ここ数日、庭の花の写真に坂村眞民さんの詩が載せたくて、彼の詩集をよく読んだ。
その中に「むらさきしきぶ」という詩をみつけた。
むらさきの小さいつぶつぶを
つけているので
むらさきしきぶと呼ぶのであろうか
一本何万円という木が
ずらりとならんでいる
秋の植木市で
わたしはこの可憐な潅木を見つけ
すぐに求めた
名前にひかれたといってもいいだろうが
片隅にひっそりと売られていた
その侘びすがたに
心をとらえられたといってもよかろう
タンポポ堂の木々たちの
仲間入りをする
美しい優しい名のむらさきしきぶよ
この詩を読んで無性にむらさきしきぶのつぶつぶに会いたいと思った。
念ずれば花ひらく? by眞民
偶然にも、今日花屋さんの店先をのぞいたら、会えました、会えました、むらさきしきぶに。

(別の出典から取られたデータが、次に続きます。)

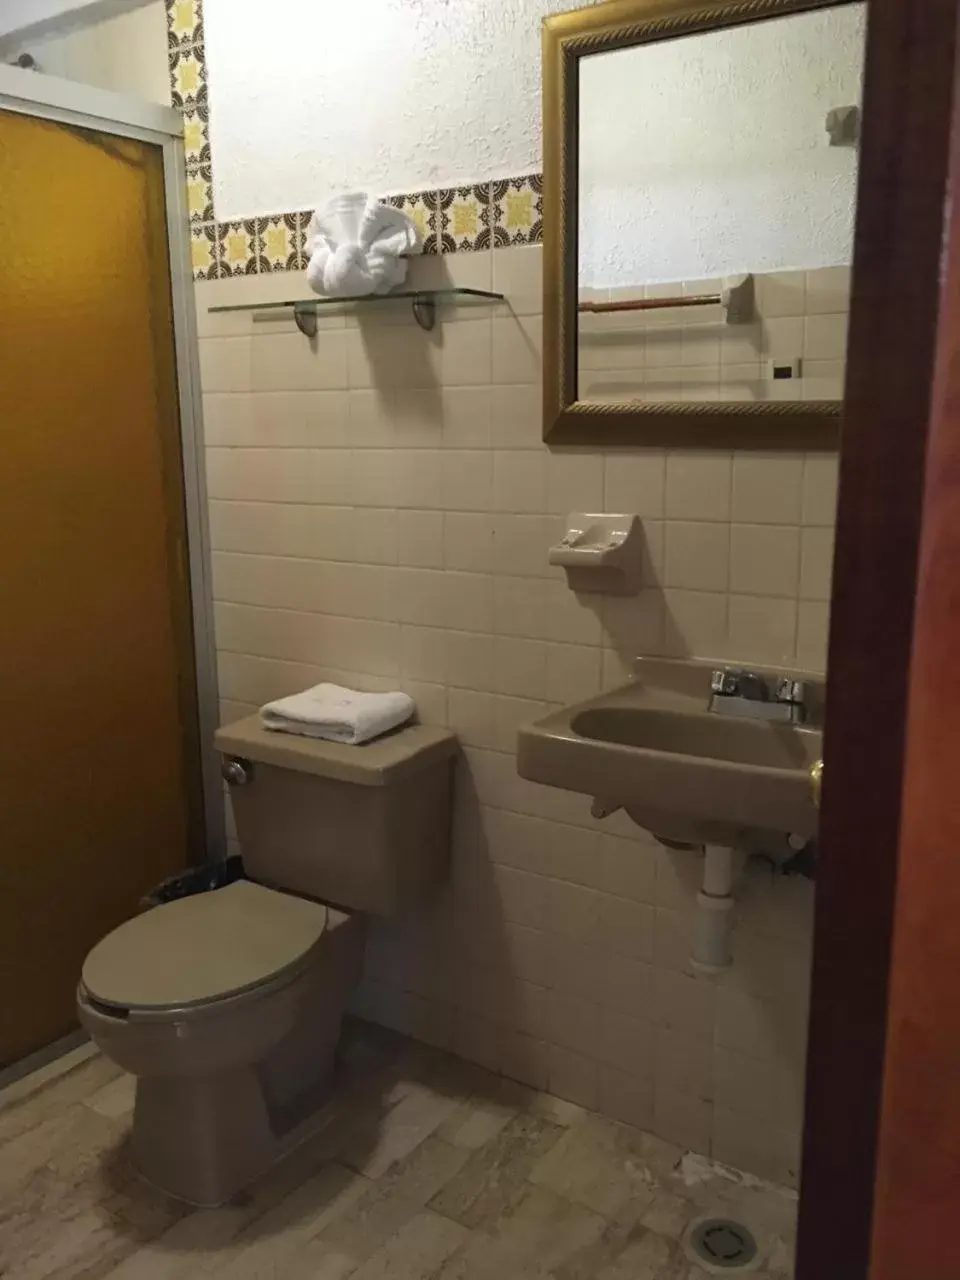 Bathroom in Arcos hotel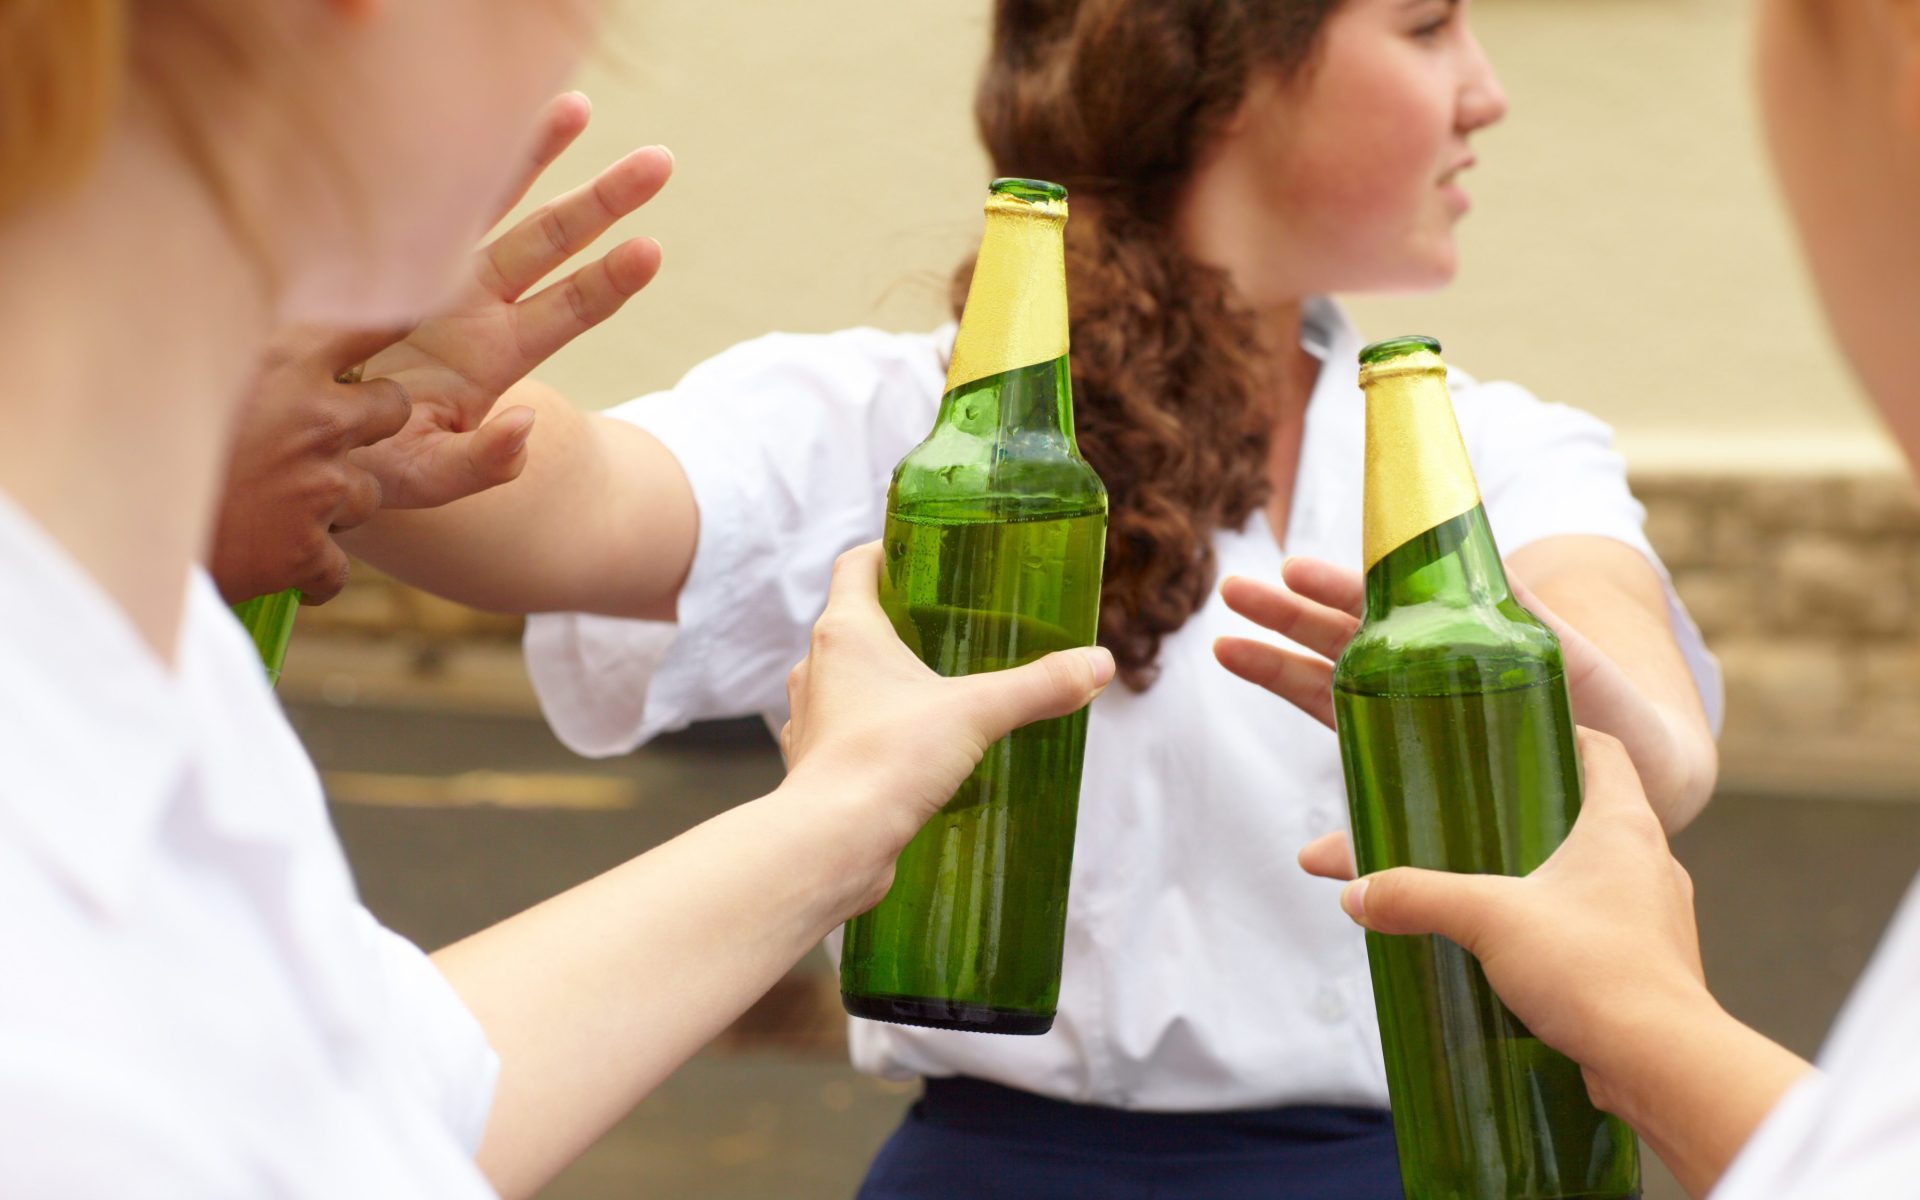 Teen being pressured into drinking by peers

「あなたが、むらさきしきぶさんなのね。お会いできて光栄です。でも、あなた、むらさきしきぶという名前が付いているくらいだから、随分お高いんでしょね?」
そんな事を思いながら値段を見ると、なんと150円と書いてある。
「はあ~、あなた150円なの? 高貴なお名前の割りに庶民的なお値段だこと。それくらいの値段つけられてプライド傷ついてない?」
なんてくだらない心配をしながら、一鉢持ってレジへ。
私
「すみません、これ、この値段でいいんですか?」
居合わせた常連らしきおばさん
「これ、むらさきしきぶっていうんでしょ?名前がいいわねえ~。」
私
「そうですね。」
居合わせた常連らしきおばさん
「これ、安くしてあげなさいよ。」
私
(150円でむらさきしきぶのプライド心配しているのに、これ以上安くしてくれなくてもいいですから)←心の声
お店のお姉さん
「そうですね、じゃあ、120円で。」
私
「120円、うわあ、うれしいなあ。ありがとうございます。」
顔をひきつらせながら、笑顔で一応お礼を言う。

上の写真、我が家に買って帰った120円のむらさきしきぶです。
大丈夫、一番いいとこに植えてあげるからね、むらさきしきぶさん。

今日の私の小さな幸せ
むらさきしきぶが120円で買えたこと。